Уваров поднял голову. «Ну говори же, говори, — приказывали и просили взгляды окружающих. — Говори, лучше будет. И самому легче».
— Чего смеетесь? — заговорил наконец Костя обиженным тоном. — Смешной я? Смешной?
— А мы не смеемся, — жестко сказал Рогов. — Мы ждем, когда ваше величество соизволят рот открыть.
— Рассказывай, а то мы тебя по-своему, по-солдатски начнем воспитывать! — выкрикнул еще раз повар Осокин.
— С горя я, — сознался Костя. — А четвертинку купил в поселке.
Кажется, никого так не возмутило это признание, как Хушояна.

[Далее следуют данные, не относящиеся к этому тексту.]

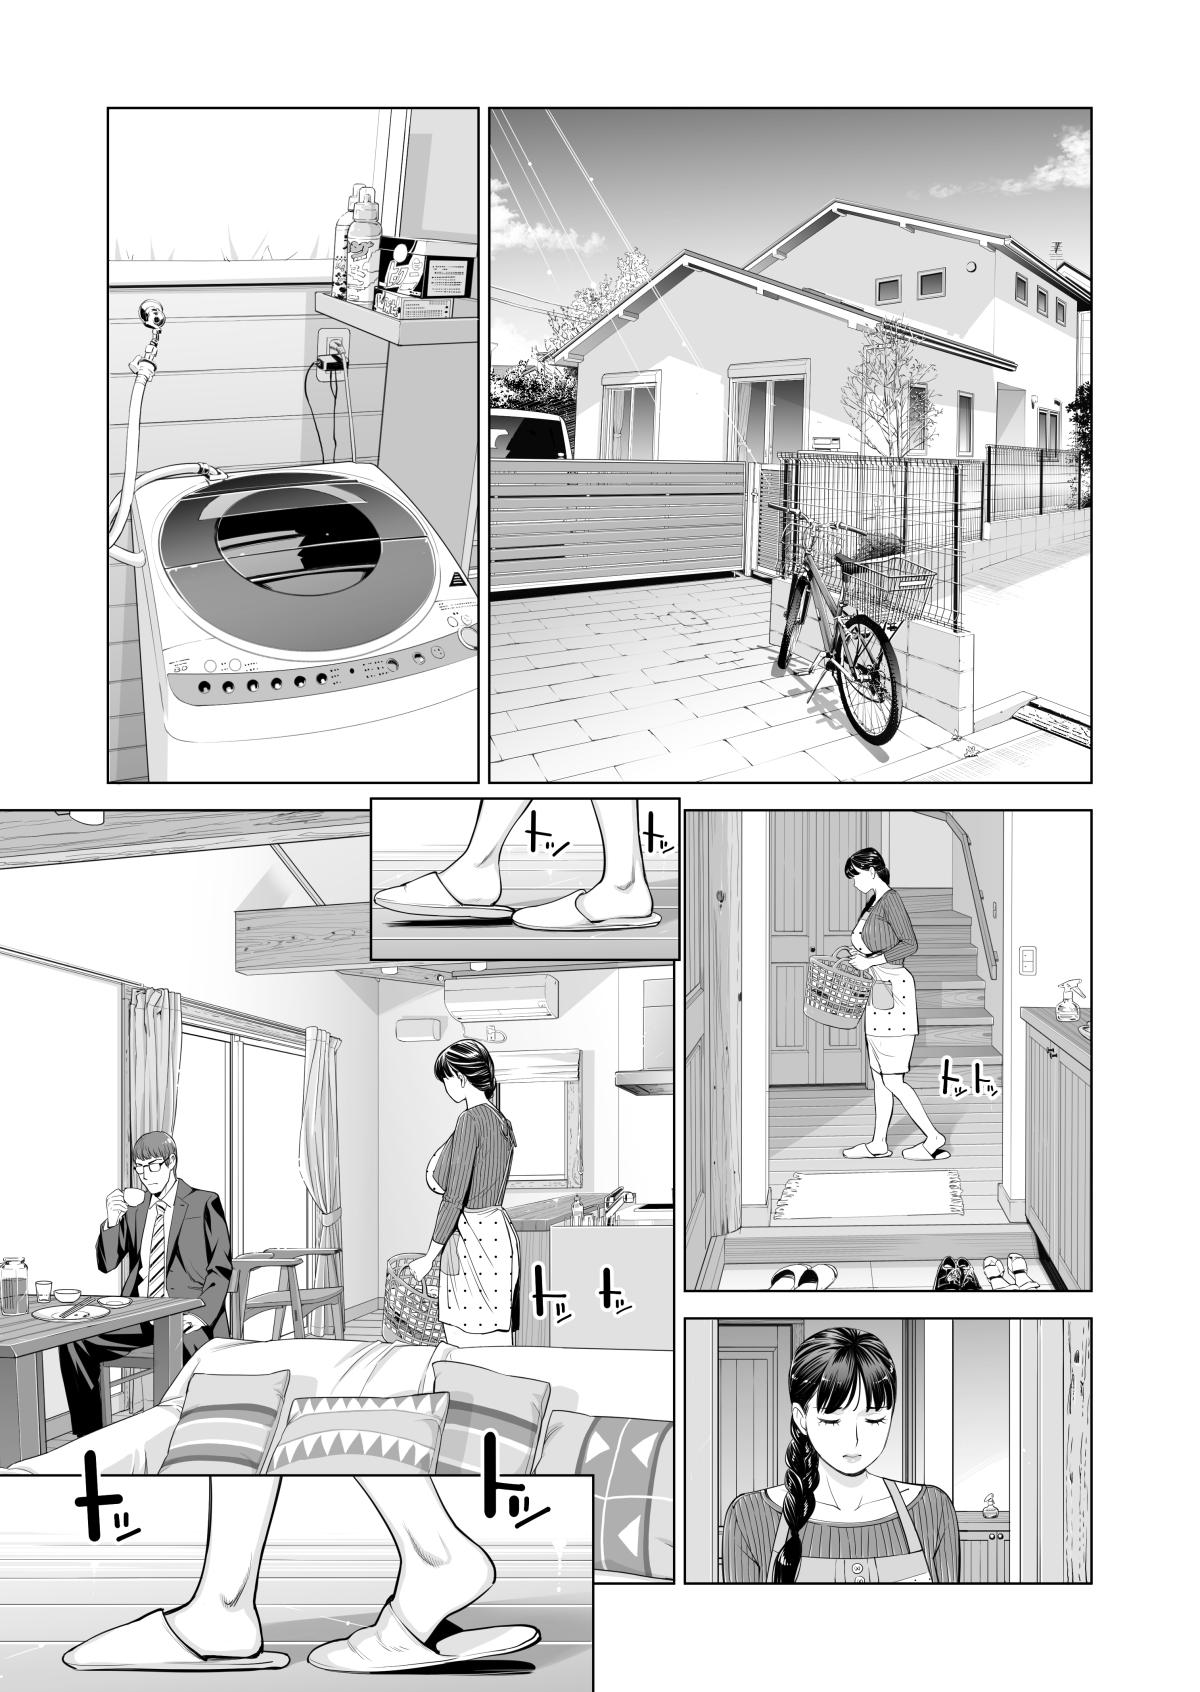 [HGT Lab (Tsusauto)] Tsukiyo no Midare Zake (Kouhen) Moonlit Intoxication ~ A Housewife Stolen by a Coworker Besides her Blackout Drunk Husband ~ Chapter 2 [English] 3

— Зачем врал? — возмущенно крикнул он. — Я тебе товарищ или кто? Зачем меня дураком делаешь? Почему обманываешь?
— Тише, — успокаивающим жестом остановил его Евдокимов. — Тише, товарищ Хушоян. Зачем так кричать? Какое у вас горе, товарищ Уваров?
Костя отрицательно покачал головой:
— Про это не скажу. Наказывайте.
— «Наказывайте»! — зло передразнил его Рогов. — Заставу опозорил, а теперь «наказывайте». Заставу опозорил, понимаешь?
Комсомольцы заговорили, перебивая друг друга. Евдокимов постучал по столу карандашом и снова обратился к Уварову.
— Ну что же, — сказал он, — комсомольское собрание найдет способ, чтобы заставить вас говорить. Вы можете не ответить одному человеку, двум, трем, но не ответить всей комсомольской организации заставы невозможно.
— Я уже все рассказал капитану, — угрюмо сказал Костя. — Он все знает.
— Этого мало. Вы комсомолец? Ну и держите ответ перед комсомолом.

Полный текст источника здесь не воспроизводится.